At the eighth block, Sano and the detectives dismounted outside the gate, left the horses with one man guarding them, and stole on foot up a street that wound into darkness relieved only by the bleached, ovoid moon that hung low above the distant hills. They filed noiselessly past warehouses closed for the night, to Ginza ’s southern edge. Here, the merchant quarter yielded to rustic cottages interspersed with woodland. The road ended at a high plank fence that enclosed thatch-roofed buildings amid trees. A signboard on the gate displayed a crude drawing of a carp and the characters for “inn.”

Faint light diffused up from within the enclosure, but as Sano and his men gathered silently outside, he heard nothing except insects shrilling in the trees and dogs barking far away. He and Detective Inoue peered through cracks in the gate. Sano saw a garden and a short gravel path to the inn. A glowing lantern hung from the eaves above its entranceway. Two samurai stood on the veranda, motionless yet alert-guarding the inn from trespassers. Their presence told Sano that the inn was what he’d deduced it was from hearing the strange tale of Mariko. His heartbeat accelerated with excitement as he and his detectives retreated from the inn.

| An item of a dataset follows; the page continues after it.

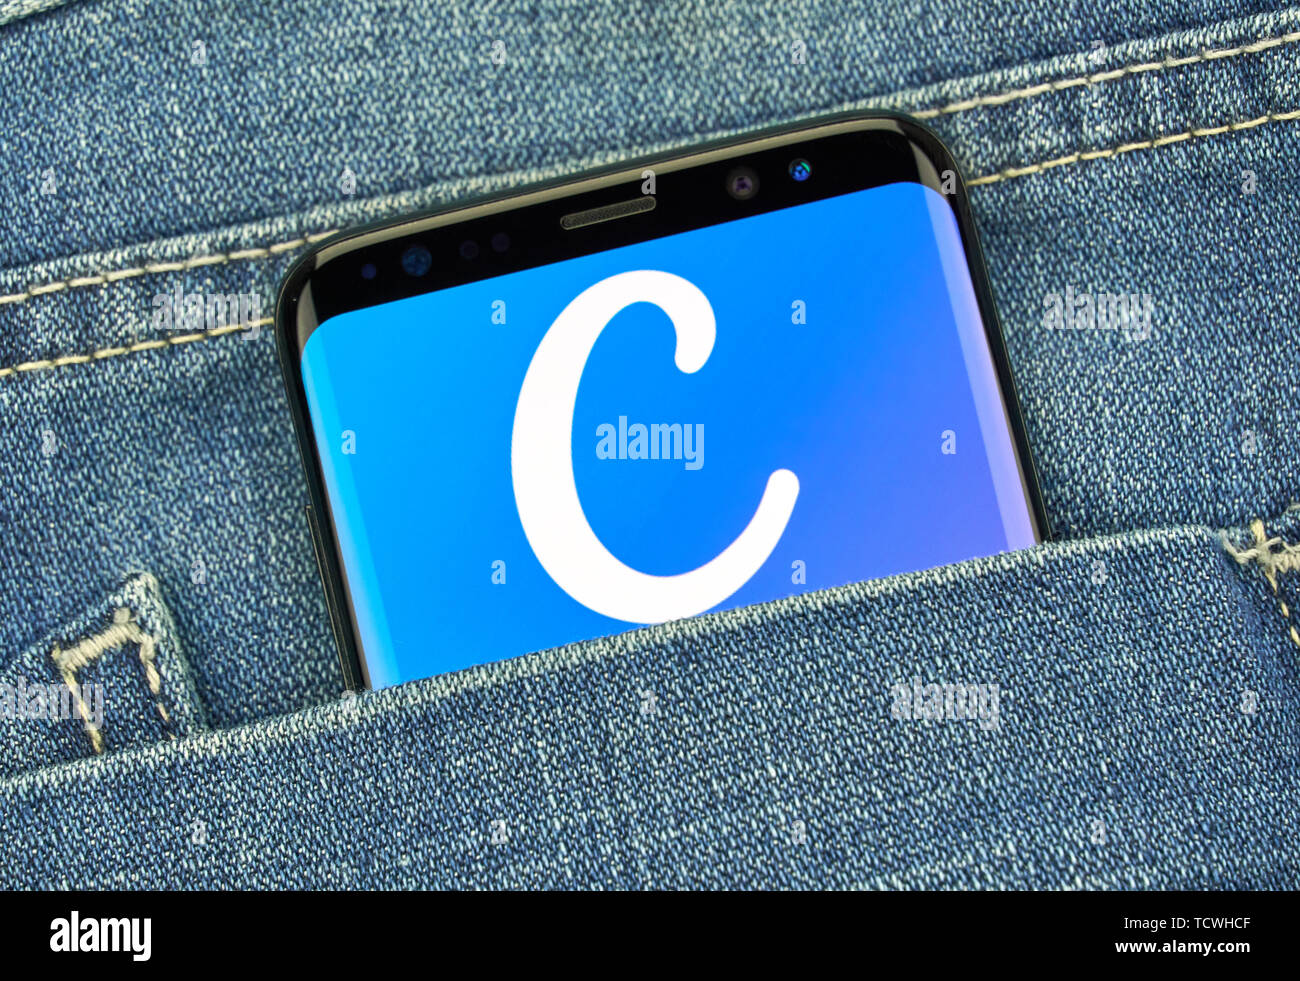 MONTREAL, KANADA - Dezember 23, 2018: Canva android app und Logo auf Samsung S8-Bildschirm. Canva ist ein grafik-design Anwendung, Werkzeug und Website Stockfoto

“Sneak inside over the fence. Subdue the guards in front, and any others you find,” Sano told Detective Inoue and four other men. “When you’re done, let the rest of us in the gate.”

The detectives slipped away. Ages seemed to pass while Sano waited in the dark road, but soon the gate opened. Inoue beckoned Sano, who hurried over with the other detectives.

“We found eight guards,” Inoue whispered to Sano as they ushered their troops through the gate. “They’re all unconscious now. Otherwise, the place seems deserted.”

Drawing their swords, Sano and his men moved cautiously up the path, toward buildings grouped among the trees and connected by enclosed walkways. The windows were shuttered, and the buildings gave no sign of occupation, but a strange, rhythmic pulsation resounded up through the ground.